Cely argues that in the U.S., President Obama “has been harmed by ludicrous false charges about his birthplace.” Yet Obama has never sued or prosecuted Fox News; credible leadership doesn’t wear skin that thin. Ecuador’s trend of course isn’t Armageddon, but it’s worrisome enough there and in Latin America – it’s apparent not just in countries like Ecuador, Venezuela and Nicaragua that are ruled from the left, but also in nations like Panama that are governed from the right – to cause hemispheric concern, especially as the rate of deadly violence against journalists in Latin America (see Mexico and Honduras) keeps spiraling. And the most troubling aspect of that current is the criminalization of speech – particularly when much of the rest of the world has come to the conclusion that jailing people for what they say or write belongs in the same musty attic of judicial customs where we’ve consigned debtor’s prisons and sodomy laws.

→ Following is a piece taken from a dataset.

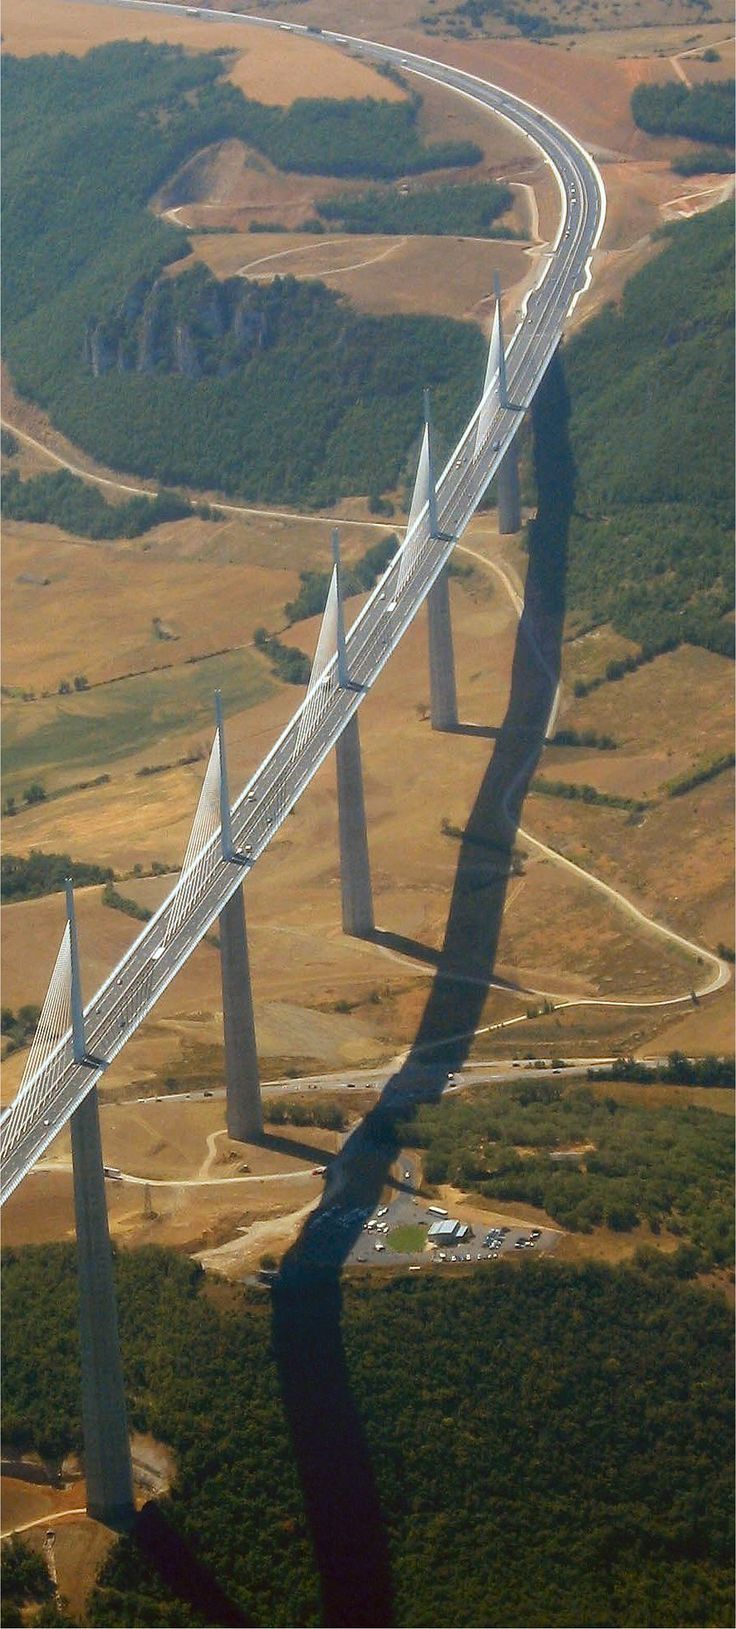 Aerial photography drone : Aerial Photography Milau Viaduct in France #aerialphotography #photography #fr

The most controversial media case currently roiling Ecuador involves the convictions of an Ecuadorean columnist, Emilio Palacio, and three editors at his Quito newspaper, El Universo, for an anti-Rafael Correa op-ed that Palacio wrote after a police uprising against the President in 2010. Palacio isn’t exactly a hero in this instance: his article accused the President of the “war crime” of ordering security forces to open fire on unarmed civilians – a doubtful claim for which Palacio provided little or no supporting evidence. Even so, in the 21st century the matter should have been handled in civil and not criminal court – where last year Palacio and the editors were found guilty of defaming the President and each was sentenced to three years in prison as well as fines totaling $40 million. The verdict is under appeal, and Palacio has since fled to Miami.
Countries across Latin America, including Brazil, Mexico and Argentina, have scrapped their criminal defamation laws. But President Correa, an economist, risked sounding like a caudillo throwback last fall in a speech at Columbia University in New York when he insisted that such statutes still make sense. “It seems very strange,” he said, “that there is no jail sentence for damaging a human being’s honor, although there is jail for those who are charged with mistreating a dog.”

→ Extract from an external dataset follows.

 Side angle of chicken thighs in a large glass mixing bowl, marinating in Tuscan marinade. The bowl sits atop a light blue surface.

That outlook helps explain why a new law went into effect in Ecuador this month that essentially makes the government the arbiter of what can and can’t be published or broadcast there. As if that censorship specter wasn’t haunting enough, the new rules include a media blackout during election campaigns, prohibiting anything that “would tend to influence in favor of or against a particular candidate, postulates, options, voting preferences or political ideas.”

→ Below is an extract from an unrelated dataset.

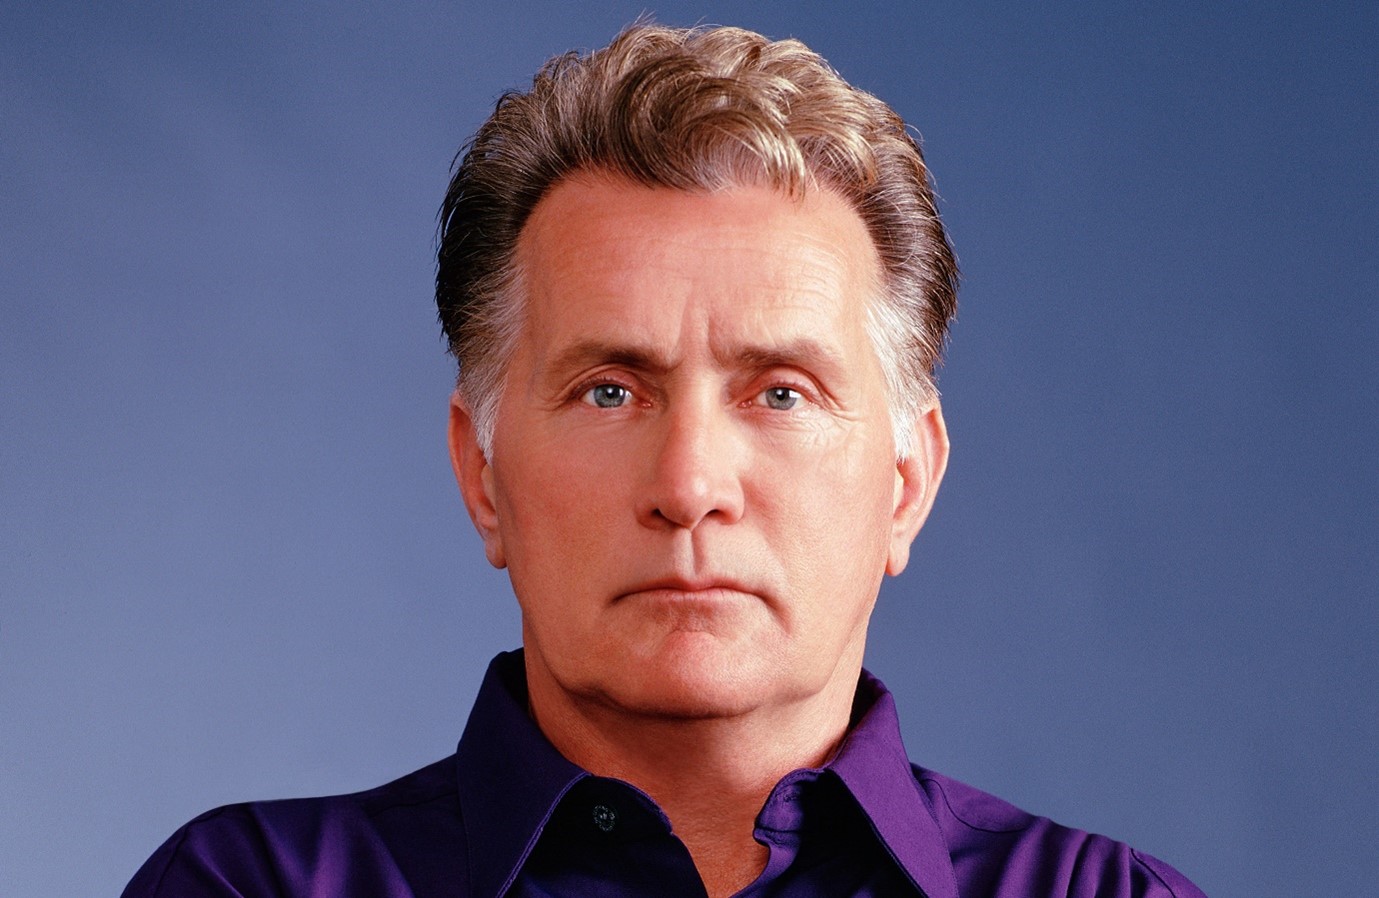 Martin Sheen Wife: Who is the actor married to?

At the same time, the President has built up a large state-run media apparatus that makes sure his political ideas get a loud hearing. The Ecuadorean Congress, where his partisans hold a majority, has blocked any libel or slander suits against him – even though he’s famous for spouting invective against opponents and journalists (on state TV he called Calderón and Zurita “sick clowns, little cockroaches”) that could also be considered defamatory. Meanwhile, brother Fabricio, while denying the contracts his firms received were illegal, this week happily reiterated that the President “knows everything I’m up to.” But a caveat to the reporters who scribbled his words: make sure your bank accounts can handle a defamation suit.